If you’re still on edge after seeing a shotgun-toting man while shopping at Adams or Walmart last weekend, you can rest a bit easier. It wasn’t a shotgun and he wasn’t going to shoot anyone. In an attempt to show his displeasure with Sheriff Paul Van Blarcum’s recent call to arms. Woodstock councilman and World War II veteran Jay Wenk walked around Adams Fairacre Farms and Walmart in the town of Ulster on December 5. “I went shopping at Adams carrying my BB gun by the stock with it pointed down. I wasn’t looking to point it at anybody,” Wenk said.
Still, the sight alarmed some who felt uncomfortable and left the store. Wenk said an employee eventually approached him and told him he needed to put the gun back in his car if he wanted to continue shopping. “After some discussion, I did so,” Wenk said.
Van Blarcum recently posted a message on the Sheriff’s Office Facebook page urging those with valid pistol permits to carry their weapons in public to help protect the citizenry.
After shopping at Adams, Wenk entered Walmart, again with his BB gun. Wenk said he specifically chose Walmart because he knew the large retail chain sells guns. Wenk went to the pharmacy to pick up some orders, then went around to other departments. “A guy asked me if I was returning the BB gun. I said no. He said you’ll have to remove it from the store. After awhile I did that,” Wenk said. “They were very insistent that I remove it from the store.”
Though Wenk didn’t want to cause a panic, he said he got the kind of reaction he was seeking.
“I told people I wanted to make the sheriff look foolish and gaga.”
During the general announcement portion of this week’s Town Board meeting, Wenk elaborated on his disgust for Van Blarcum’s comments. “Police chiefs are trying to do what they can to get guns off the streets. And here’s the sheriff, in my opinion, flying in the face of law and order,” Wenk said. “For somebody that has been in combat, I dread the idea of us sitting here, at a meeting, and somebody walking in looking for trouble, and half a dozen people in the public here being armed. The insanity of this is just incomprehensible. I’m embarrassed, I’m ashamed and I’m frightened by the actions of the sheriff.”
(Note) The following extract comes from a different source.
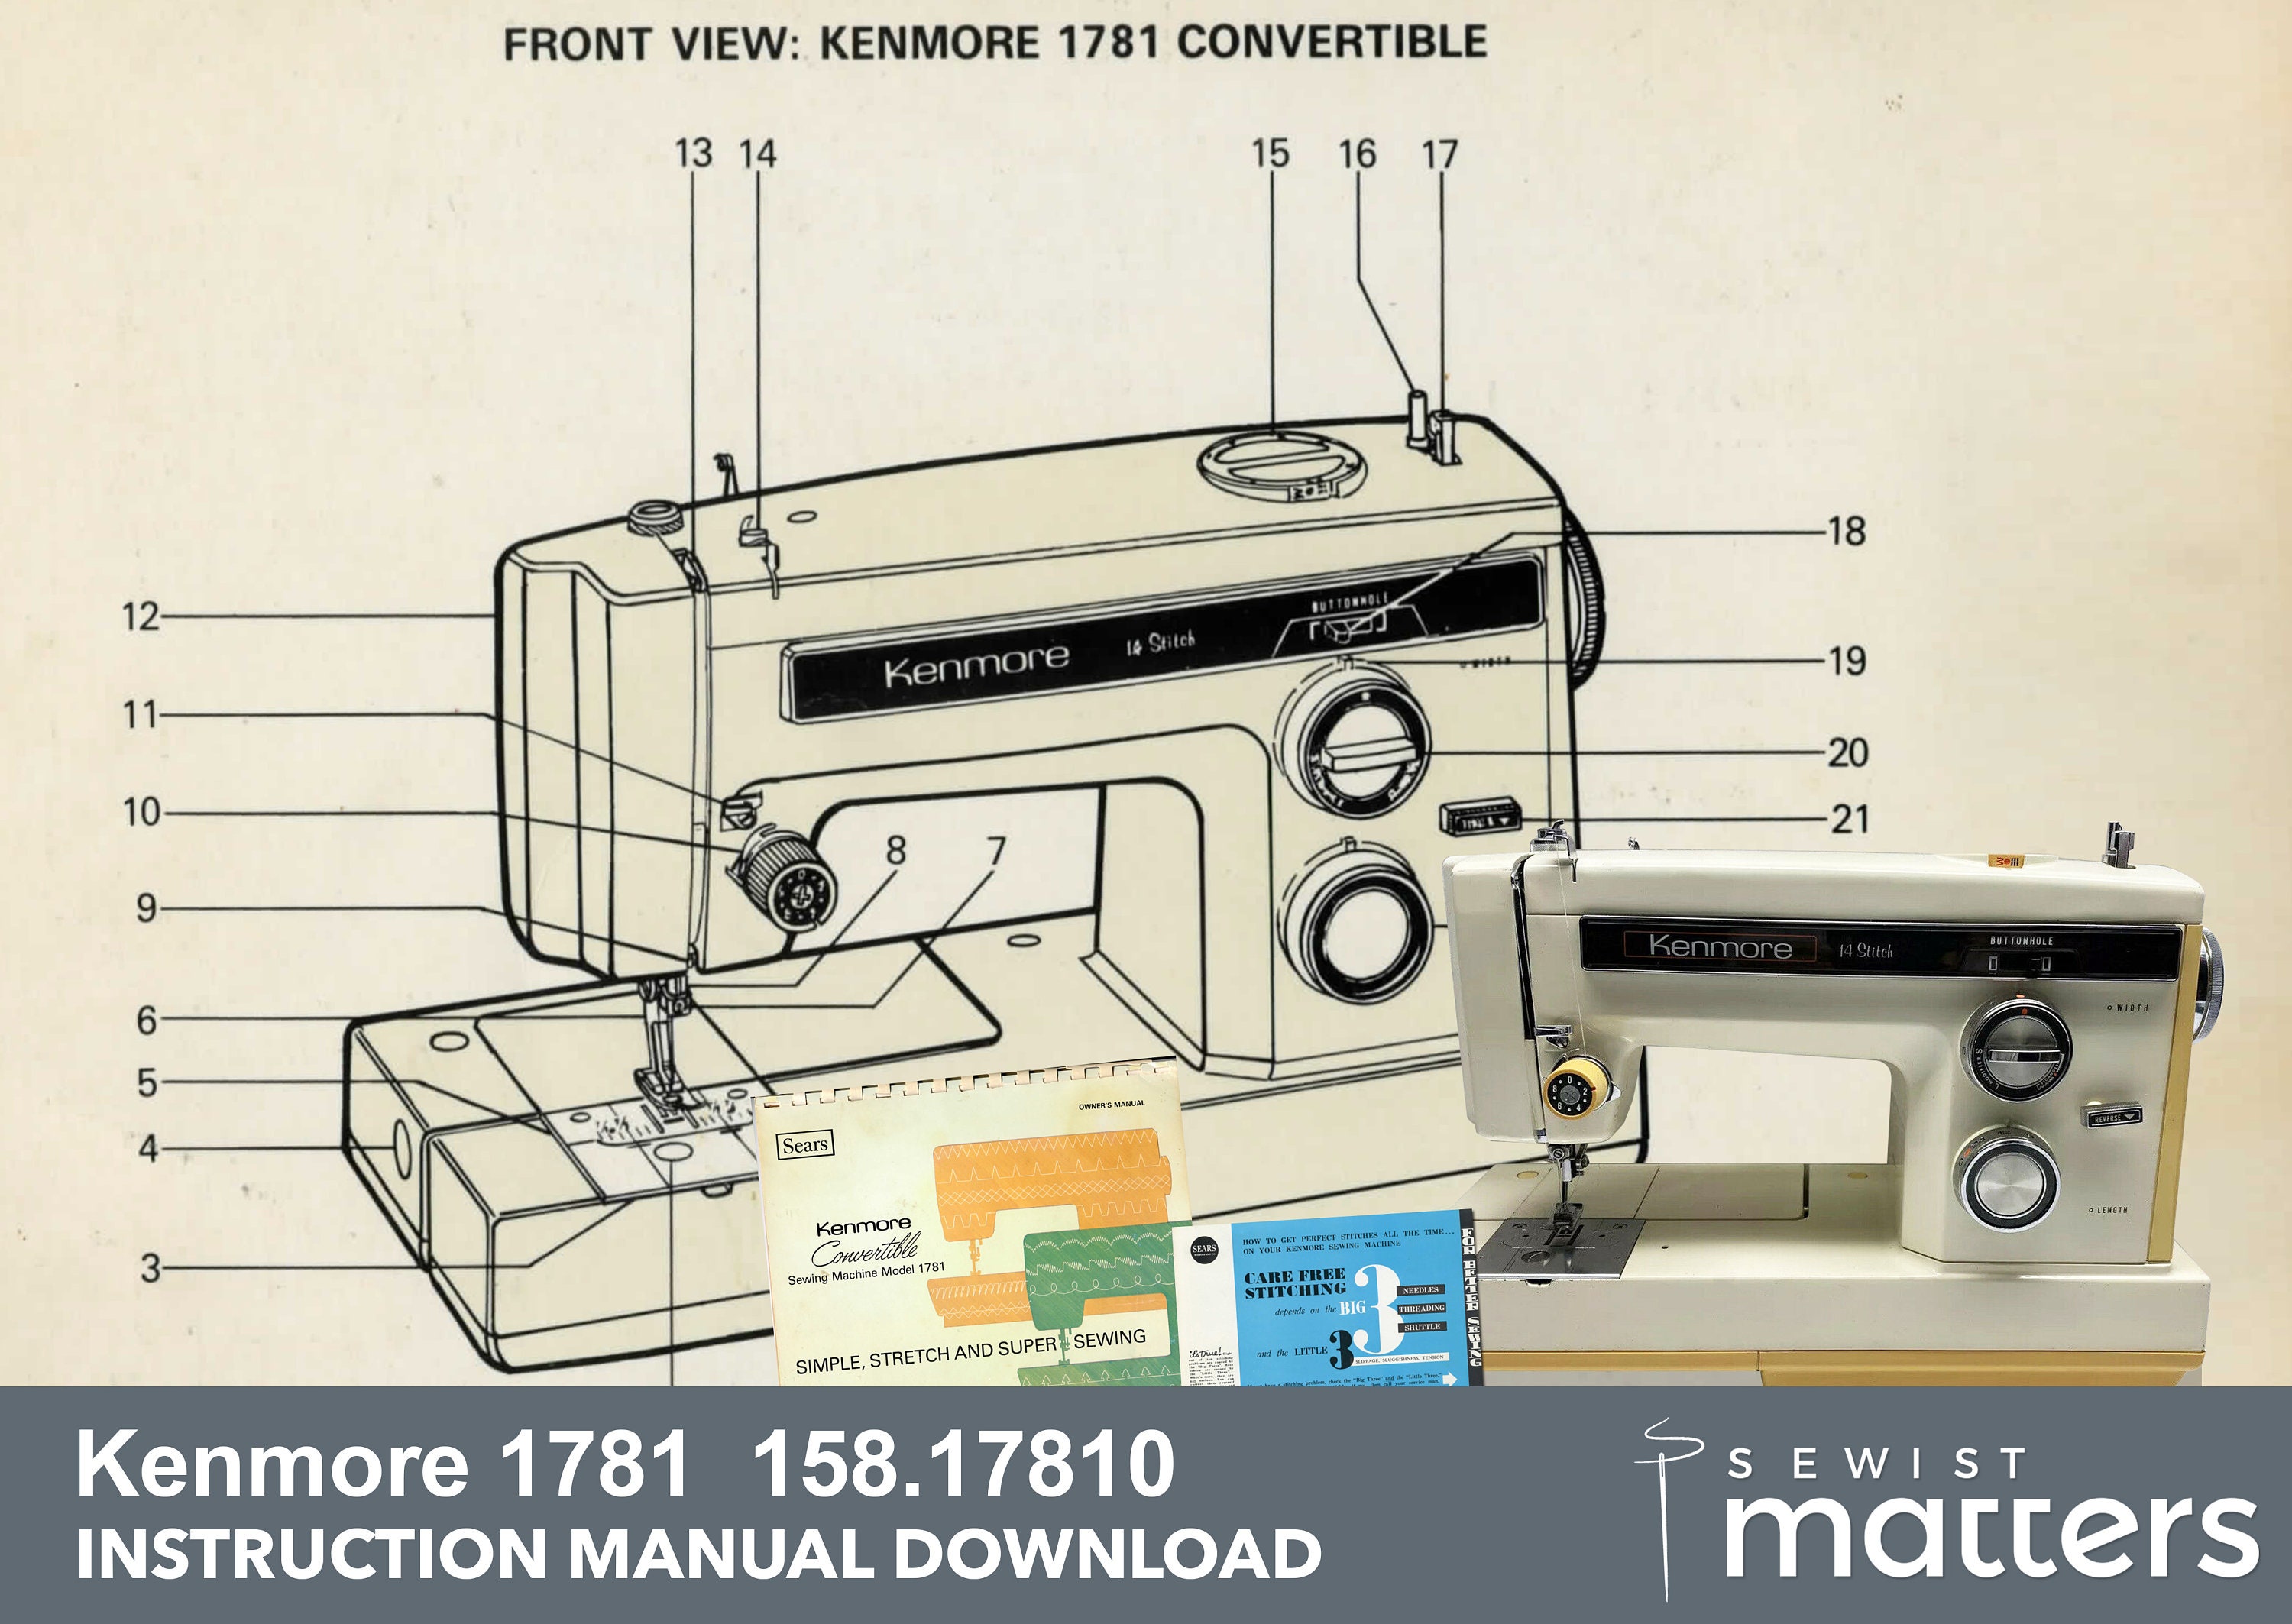 Kenmore 1781 15817810, 15817812 14 stitch Convertible Zigzag Sewing Machine  Instruction Manual PDF Download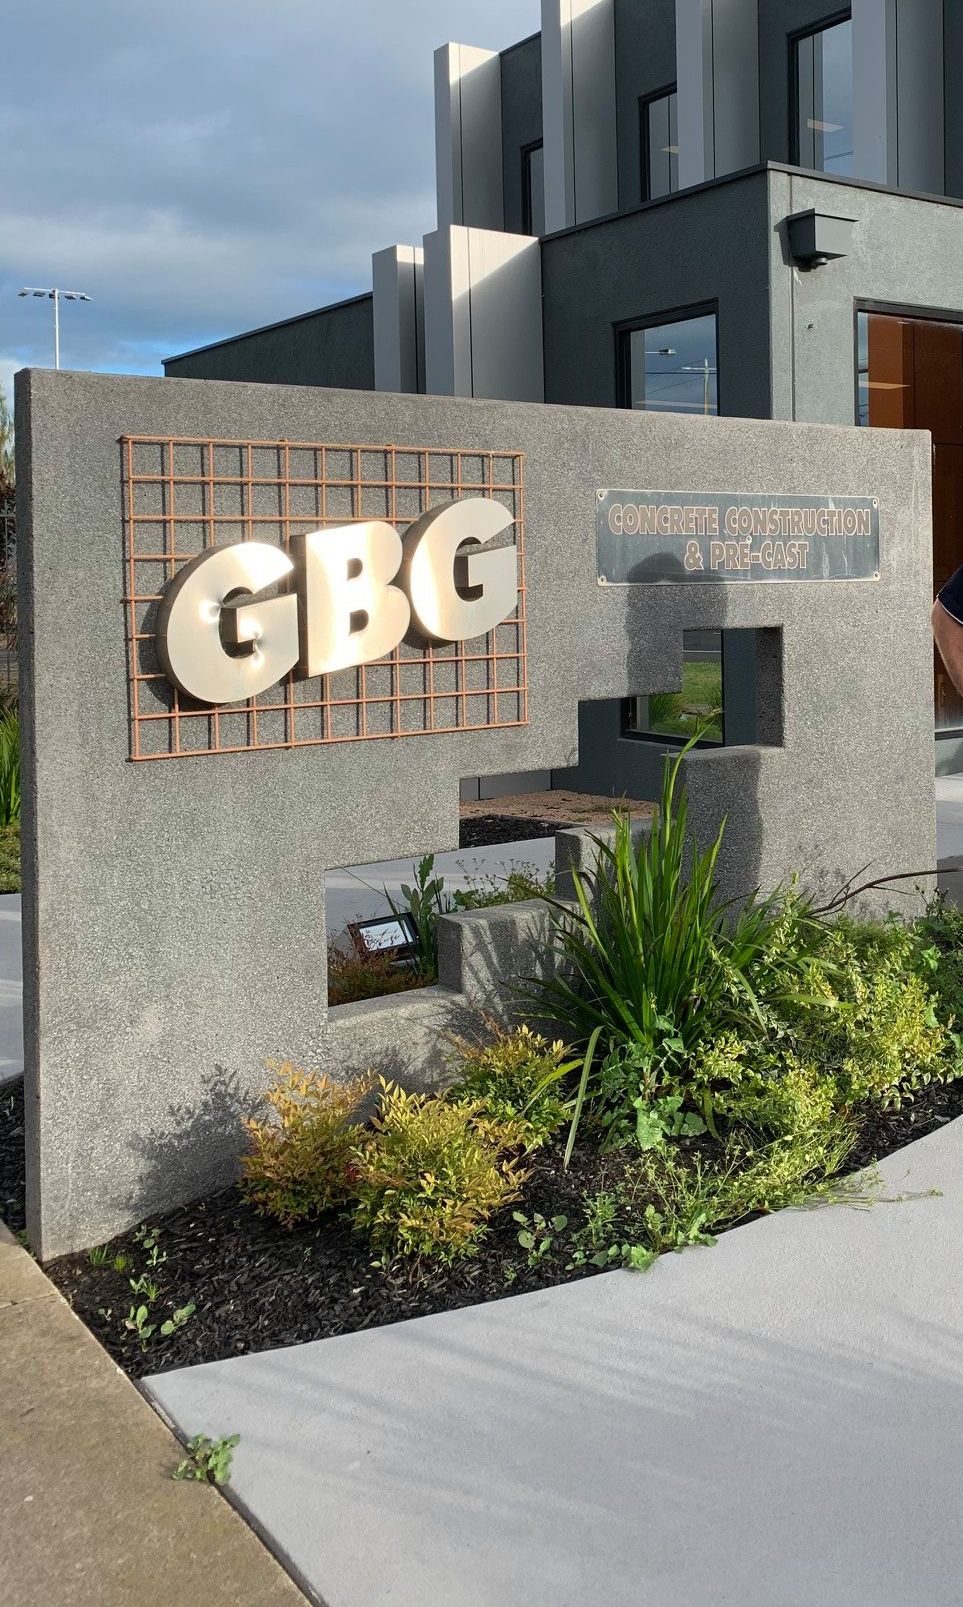 Gbg Concrete

Wenk is no stranger to advocating for more peaceful times, having been arrested in recent years for picketing outside a town of Ulster Army recruiting center and last year after a sit-in at Veterans Memorial Plaza in Manhattan that called for an end to the wars in Iraq and Afghanistan.
Wenk also picketed in front of the county Department of Social Services last October in protest of Van Blarcum’s order to have visitors to the office checked for outstanding warrants. He carried a sign reading “When Will the Wealthy be ID’d?”
Wenk feels Van Blarcum should be above the fray. “The sheriff ought to be a leader to those who refuse to live in fear. His pronouncement, to me is just a scream of fear, of ‘my god, we’ve got to get more guns on the street.”